-- About this exercise --
Images are not wanted; transcribe the rest of the listing exactly.
BEGIN Collected data
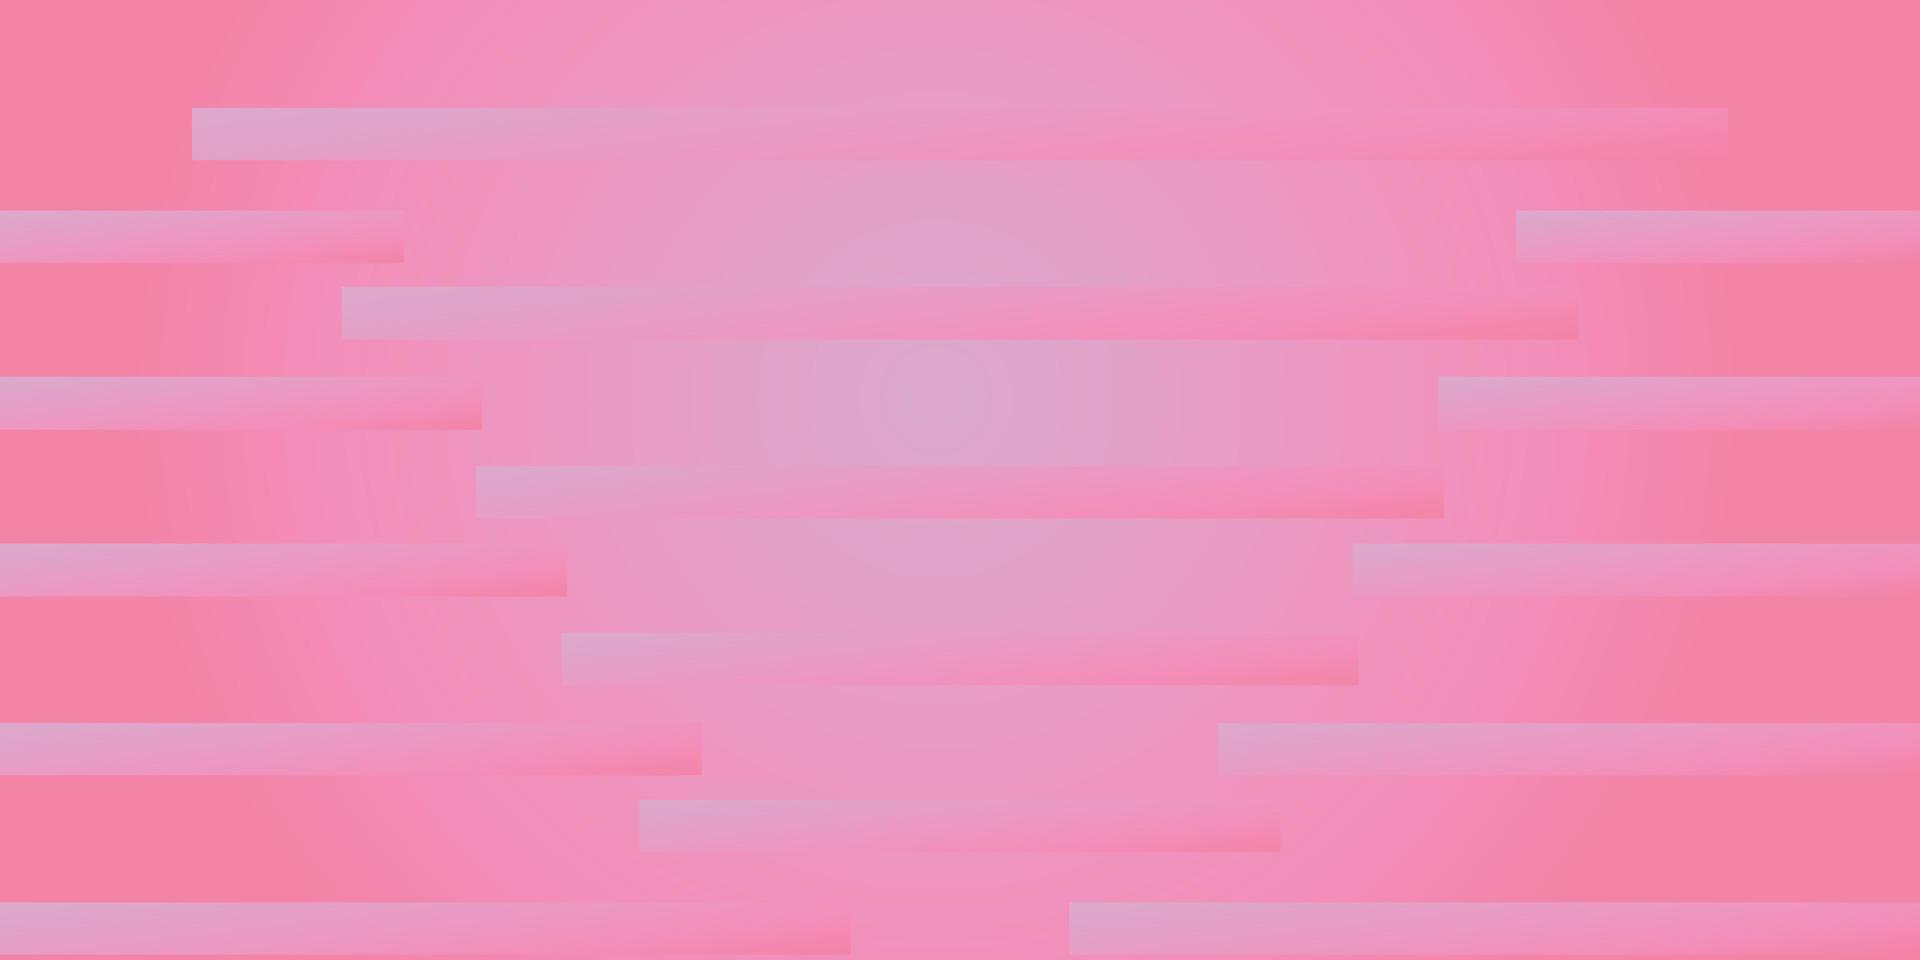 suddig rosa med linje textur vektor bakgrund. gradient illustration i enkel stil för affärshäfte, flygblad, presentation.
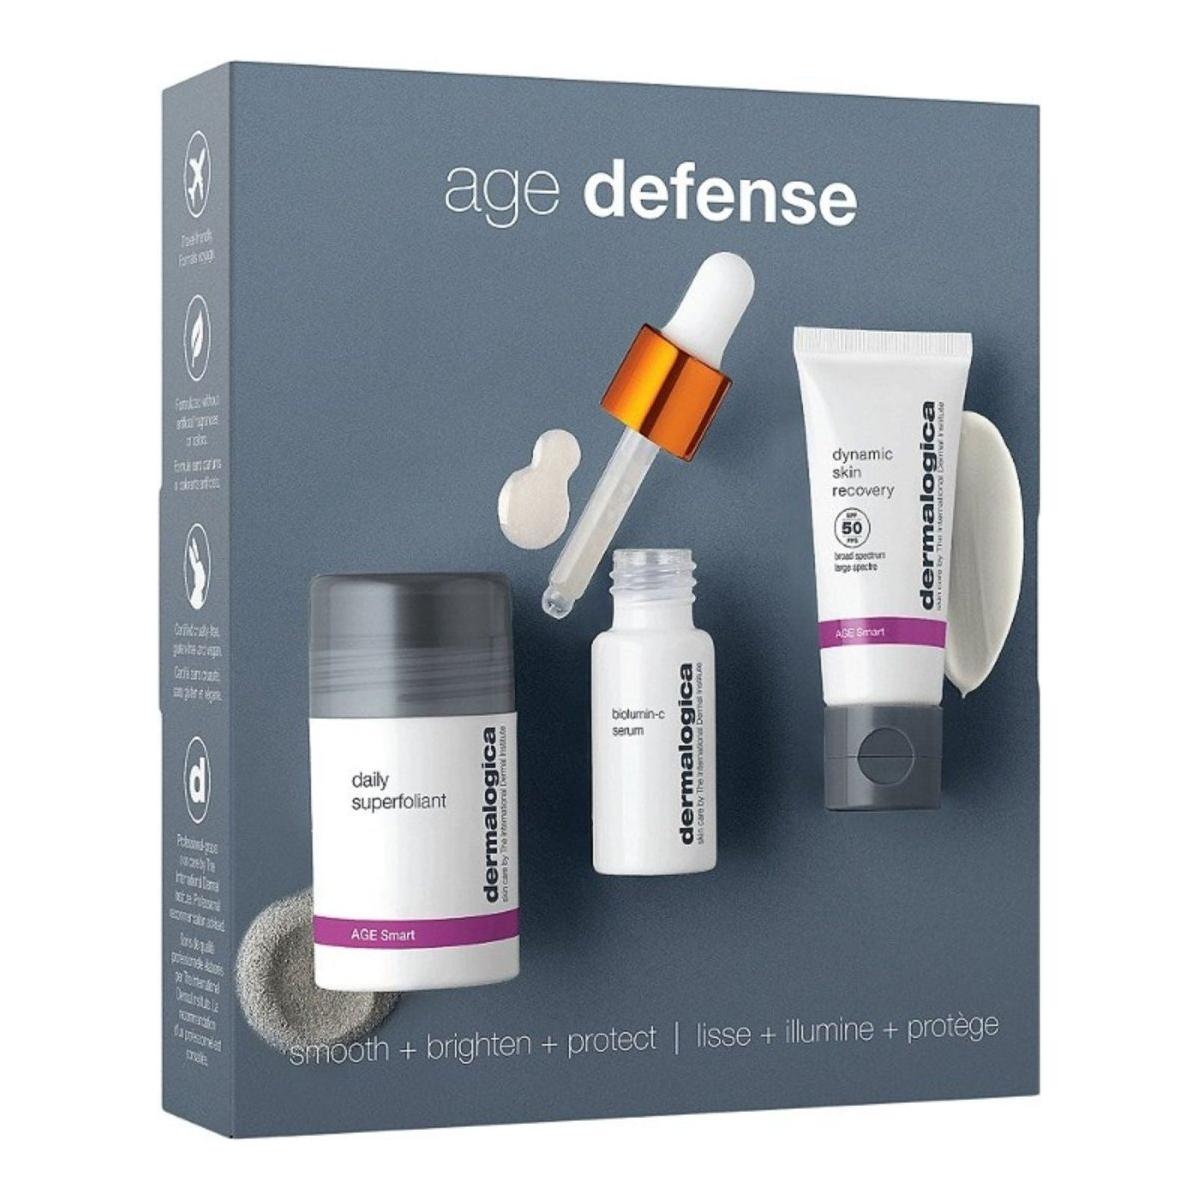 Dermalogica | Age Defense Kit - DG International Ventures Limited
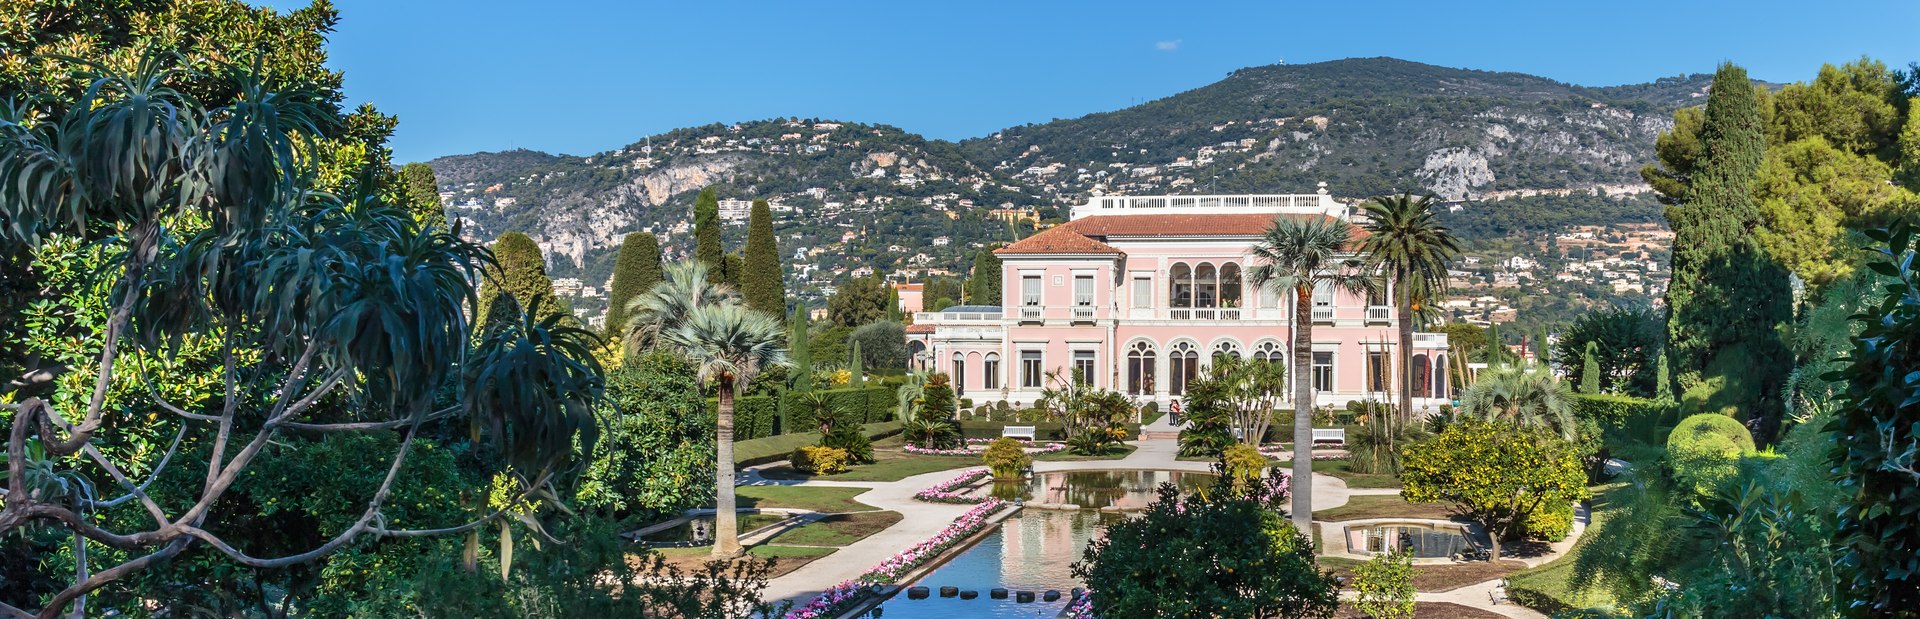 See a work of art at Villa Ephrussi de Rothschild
END Collected data
-- Exercise response --
 suddig rosa med linje textur vektor bakgrund. gradient illustration i enkel stil för affärshäfte, flygblad, presentation.
 Dermalogica | Age Defense Kit - DG International Ventures Limited
 See a work of art at Villa Ephrussi de Rothschild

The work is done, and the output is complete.